Jaques Popper – Sekundararzt am Allgemeinen Krankenhaus in Wien, an der Allgemeinen Poliklinik in Wien und Kurarzt in Karlsbad

Text: Dr. Walter Mentzel

Jacques (Jaques, Jakob) Popper, geboren am 6. Jänner 1851 in Bukarest in Rumänien als Sohn von David und Anna Popper, war seit 1879 mit Adele Mintz (*zirka 1861-1916 Wien) verheiratet.

Popper studierte an der Universität Wien Medizin und schloss das Studium 1875 mit seiner Promotion ab. Er arbeitete danach mehrere Jahre als Sekundararzt im Allgemeinen Krankenhaus in Wien und zuletzt an der Allgemeinen Poliklinik in Wien. 1888 verfasste er an der Allgemeinen Poliklinik im Laboratorium des Professors Samuel Basch (1837-1905) die Studie „Ueber die physiologische Wirkung des Strophantin“, die als Sonderdruck in der Zeitschrift für klinische Medizin erschien und sich an der Separata-Bibliothek der Zweigbibliothek für Geschichte der Medizin befindet.

Popper war neben seinem ärztlichen Beruf journalistisch für die Wiener medizinische Wochenschrift und die Internationale klinische Rundschau tätig und berichtete u.a. über die medizinischen Leistungen an Kliniken in Rumänien.[1] 1891 publizierte er unter der Rubrik „Briefe aus Rumänien“ einen Reisebericht über „Die medizinische Fakultät und die Spitäler in Bukarest“.[2]

1891 ließ er sich als Kurarzt in Karlsbad (heute: Karlovy Vary/CZ) nieder, wo er in den Sommermonaten als Brunnenarzt tätig war,[3] während er in Wien noch eine Arztpraxis führte. 1894 erschien von ihm in der Braumüller-Bade-Bibliothek die rumänische Ausgabe seiner Monographie „Carlsbad in Boemia“.

Popper war Mitglied der Gesellschaft der Ärzte in Wien,[4] und seit 1878 der österreichisch-ungarischen Freimaurerloge „Humanitas“.[5]

Popper verstarb am 2. April 1898 bei der Durchreise in Berlin.[6] 1906 wurde er in Berlin enterdigt und am Wiener Zentralfriedhof beigesetzt.

Quellen:

AUW, Med.
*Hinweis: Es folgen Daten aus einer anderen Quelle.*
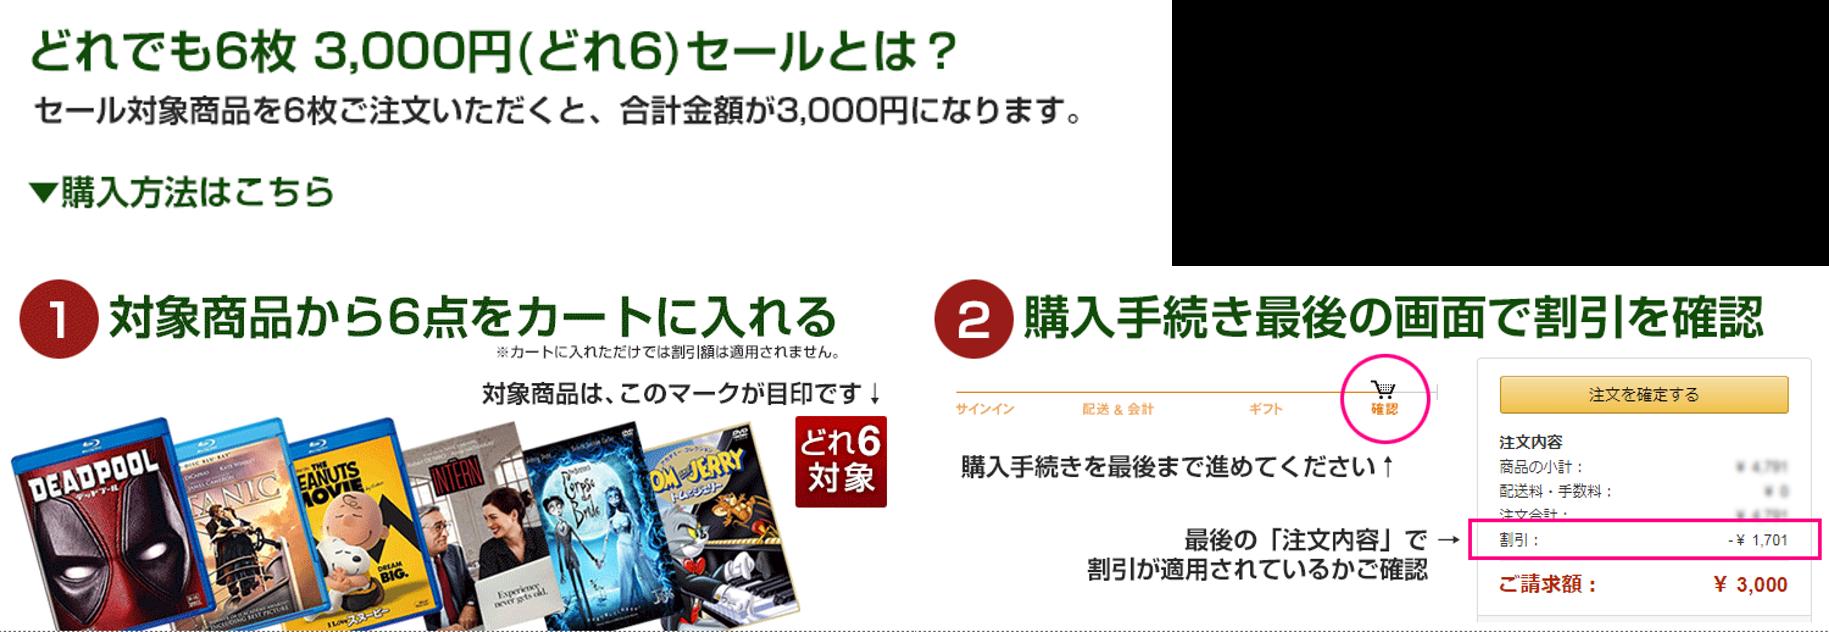 Amazonサイバーマンデー特別企画 どれ6 steelbook

Fakultät, Nationalien/Studienkataloge, Sign. 134-0073 (Nationalien Datum 1870/71), Popper Jakob.

AUW, Rektorat, Med. Fakultät, Rigorosenprotokoll, Sign. 177-287a (Rigorosum Datum 1874), Popper Jakob.

AUW, Med. Fak., Promotionsprotokoll, Sign. 186-301 (Promotion Datum 3.7.1875), Popper Jakob.

Friedhofsdatenbank Wien, Popper Jacques (Begräbnis 8.4.1906)

Literaturliste:

Popper, Jaques: Ueber die physiologische Wirkung des Strophantin. Aus dem Laboratorium des Prof. v. Basch in Wien. Sonderdruck aus: Zeitschrift für klinische Medizin. Wien: L. Schumacher 1888.

[Zweigbibliothek für Geschichte der Medizin/Separata Bibliothek]

Keywords:

Allgemeine Poliklinik Wien, Jakob Jaques Popper, Karlsbad, Kurarzt, Rumänien, Arzt, Allgemeines Krankenhaus Wien,

[1] Wiener medizinische Wochenschrift. Nr. 14. 1896. Sp. 581-582.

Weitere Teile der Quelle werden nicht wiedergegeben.